Integrating strategies can increase forex trade confidence.

Before entering a trade, traders must do whatever they can to put the odds in their favor. Candlesticks have been helping traders in this for hundreds of years.  From analyzing an individual candlestick right up to complex patterns involving a group of them, traders may gain a substantial advantage by learning to use them.  Because they do an excellent job in giving visual cues to what is happening in the market, a candlestick chart can quickly show whether there is a trade coming, one setting up, or if nothing much happening.  Since there are excellent books already written on the topic, this article will instead focus on how to combine candlesticks with a crossover strategy on the US Dollar Index to provide more reliable buy and sell signals.

No matter what timeframe you are using – from one minute to monthly – there are advantages to performing a candle-by-candle analysis.  Why?  The shape of the candle – where it opens or closes, its relation to the previous candle or candles, its position in the overall trend, and if it's at or near levels of support or resistance – can provide insight about where price is going.  By knowing what the highest probability outcome is for the next candle, a trader can make a more rapid decision as to whether he or she should stay in, stay out, take a profit, or take a loss. 

Figure 1: DAILY CHART SHOWING THE COMBINATION CANDLESTICK, AND MOVING AVERAGE CROSSOVER SIGNAL STARTEGIES. Point 1 shows the five-day predictive moving average (PMA) crossing above the five-day simple moving average (SMA) together with a bullish harami candlestick pattern. The trader is warned that the move may be coming to an end by an engulfing bear candlestick pattern (point 2). This is followed by a bearish harami, and then the five-day PMA again crosses below the five-day MA, generating a signal (S1). The bearish engulfing pattern at point 4 is immediately followed by a bullish engulfing candlestick pattern, after which the PMA upward crossover confirms a buy signal (B1). At point 6, a bearish engulfing (as well as a tweezer top) warns that the move may be nearing an end, and this is confirmed the next day by the PMA crossover generating a sell signal (S2). Point 7 shows a bullish harami followed by another potential crossover buy signal.
 

A Case Study in Candle Psychology
Being able to identify patterns is as important as knowing what an individual candlestick may be trying to tell us.  When we look at the final couple of weeks of October 2005 in the US Dollar Index on the left-hand side of Figure 1, we see three separate attempts in five days to break above resistance at 90.20, only to have the sellers knock prices back down.  On the 20th and 21st of the month, two more attempts were made and both were failures (point 3). 
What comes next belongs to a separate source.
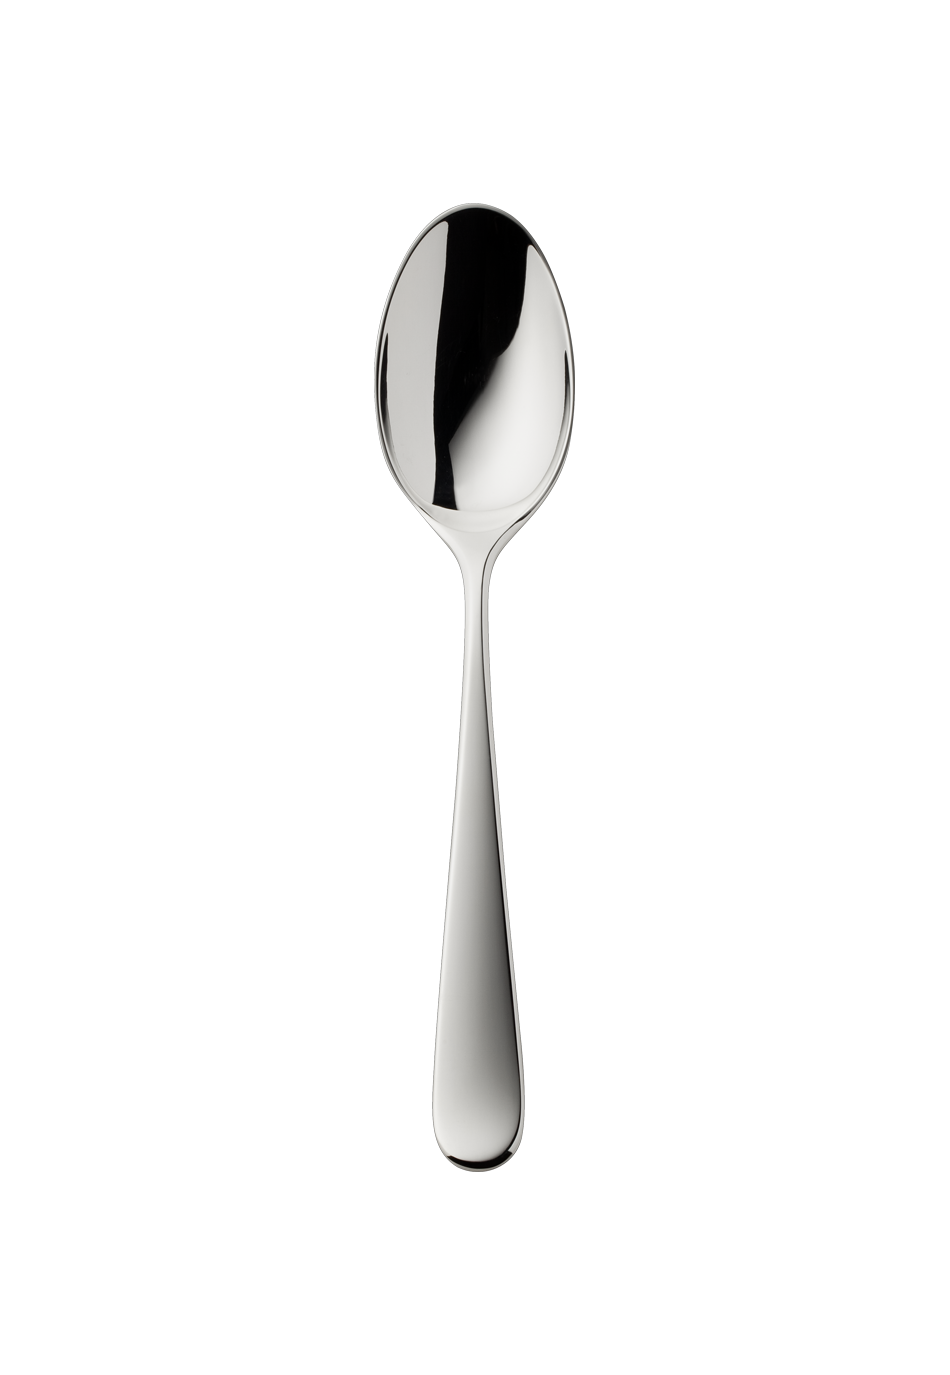 Dante Menu Spoon (150g massive silverplated)

This tells the trader that the short-term buying pressure has diminished and to expect selling pressure in two forms. First, the bears now have the upper hand and will start pushing the price lower. Second, the bulls who bought anticipating a breakthrough will now sell based on the failure.  On October 21, the bulls could not even push it high enough to challenge the resistance level before the sellers drove the index lower (S1).  The following day there was more buying interest, but the entire action took place in the bottom half of the prior day’s candle. 
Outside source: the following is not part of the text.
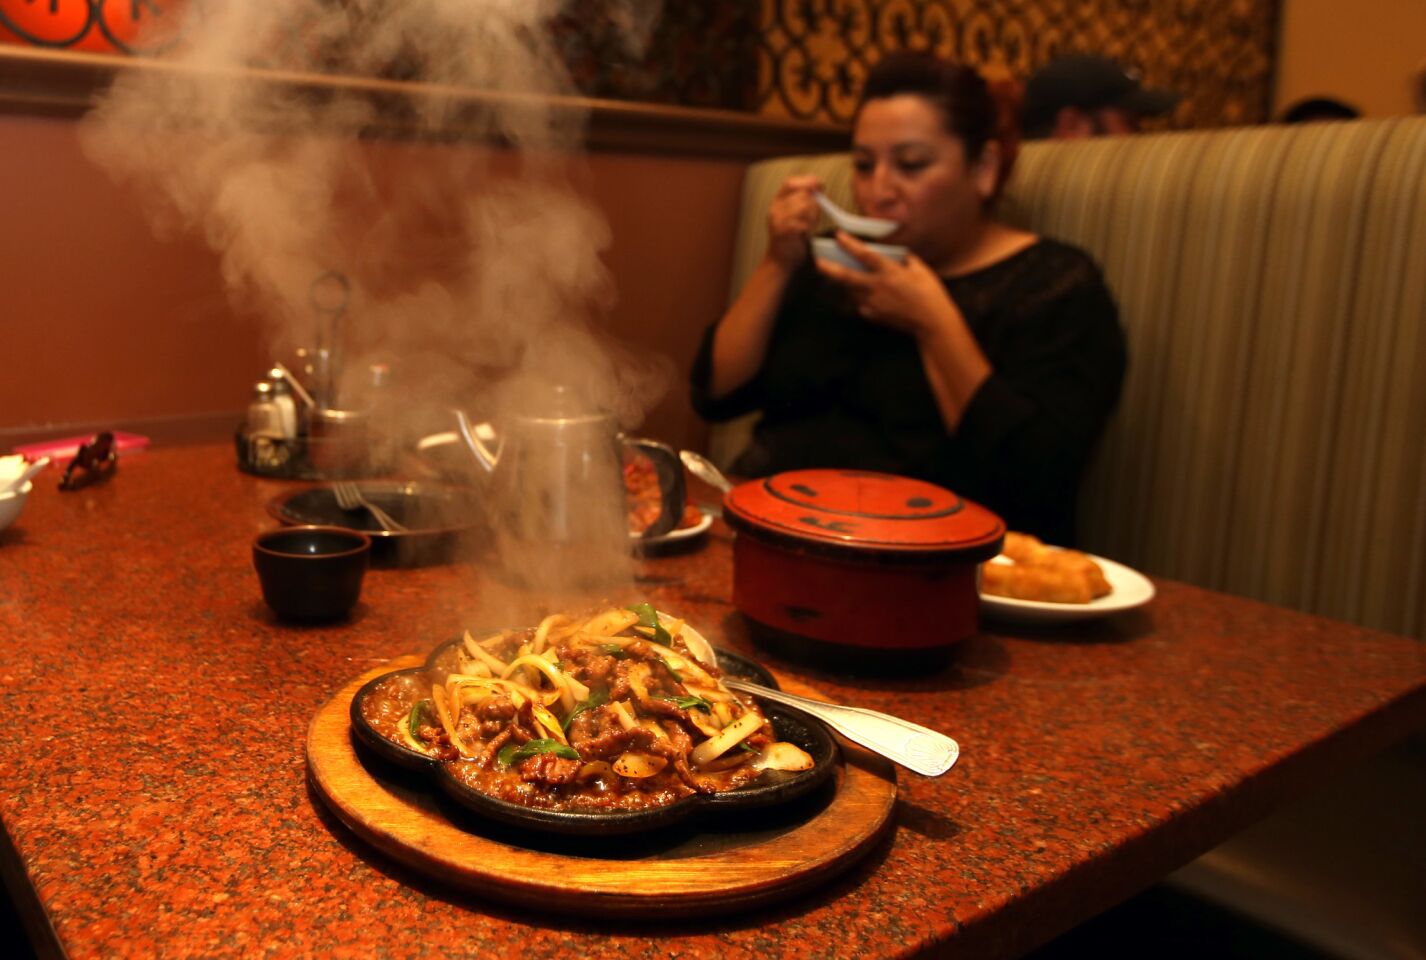 Jonathan Gold reviews Mas' Chinese Islamic Restaurant

Day 3 of the pattern opened and moved downward as expected.  The interesting part is that instead of closing at or near its low, the candle retraced back to vicinity of prior support, which is far more bullish than we would have expected (point 4).  The next day failed to produce a new low, and engulfed the bearish body of the previous day (a bullish engulfing pattern) before it bounced off near term resistance and closed just below it as the bulls began to move in. 
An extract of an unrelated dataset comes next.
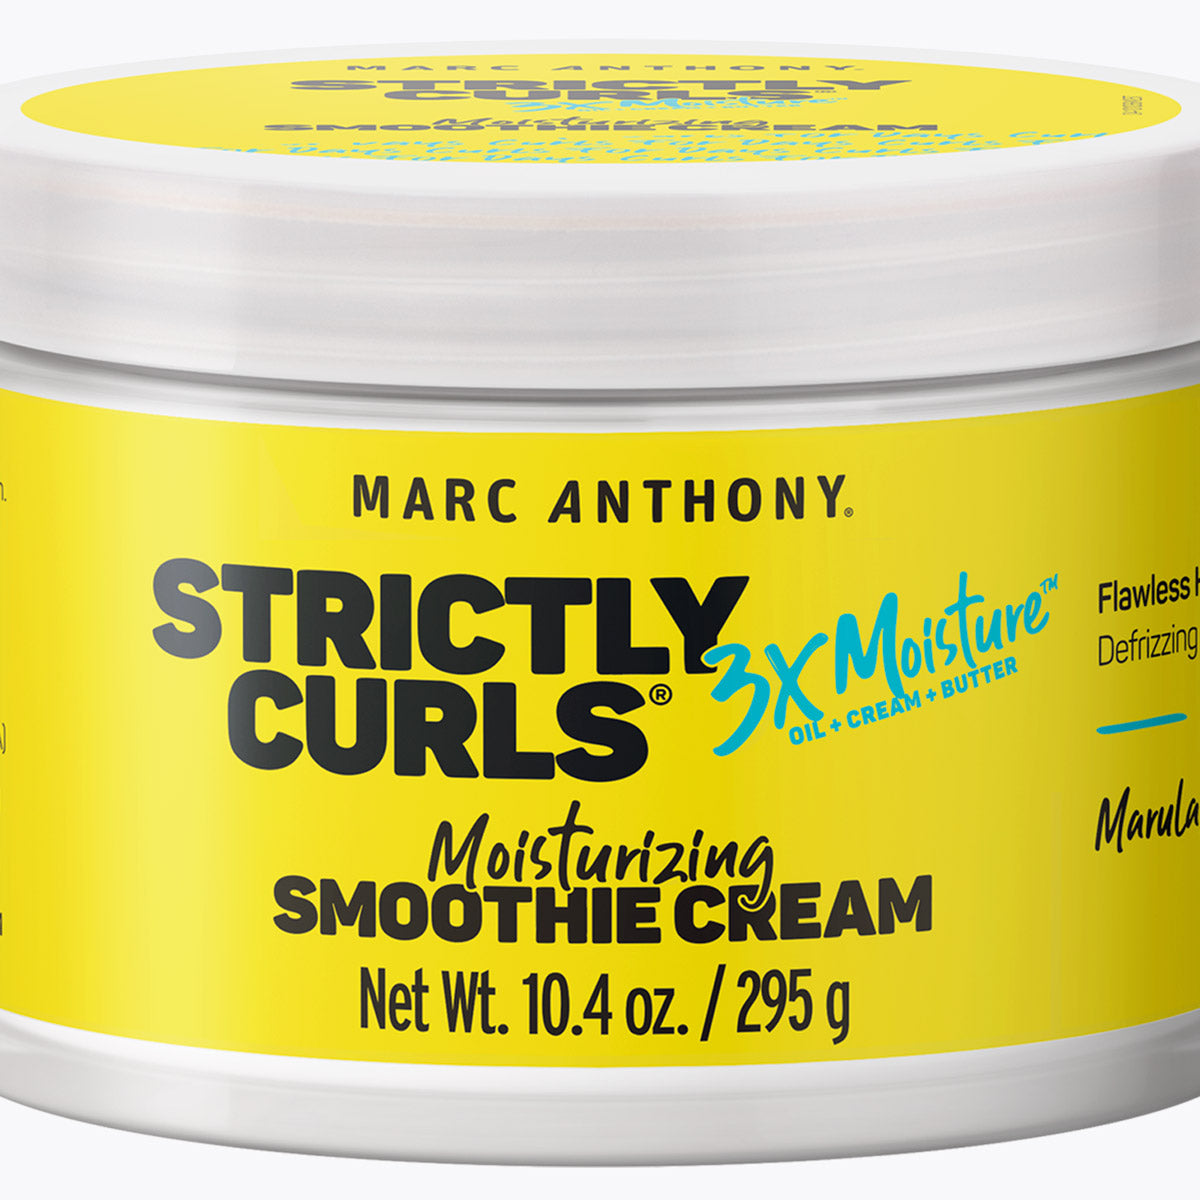 Strictly Curls® 3X Moisture <br> Moisturizing Smoothie

October 31 then opened with the sellers trying one more time to drive the index to a new short-term low, producing the third-higher low in three days before the bulls take over and broke it up through short-term resistance.  All the traders who recognized the resistance and were waiting for it to break now jump in, adding fuel to the move.  

Traders poised at the 90.20 resistance level put sell-stops below that level to take some profit, and- combined with the bears who shorted, thinking the level would hold yet again- created the seventh failure at 90.20 in three weeks.  Combined with the bearish doji candlestick pattern that appeared on November 1, 2005, the failure indicated that a move could be nearing completion, telling traders to prepare for a change in direction.  This occurred the next day but the downside move on November 2 was just enough to get the bears to go short.

As any experienced trader knows, once it is broken, prior resistance becomes support, and on November 3, that was what happened to the 90.20 level; much to the bears’dismay, the bulls take over. This is important, since those who went short below the resistance level seriously considering buying to cover their positions. 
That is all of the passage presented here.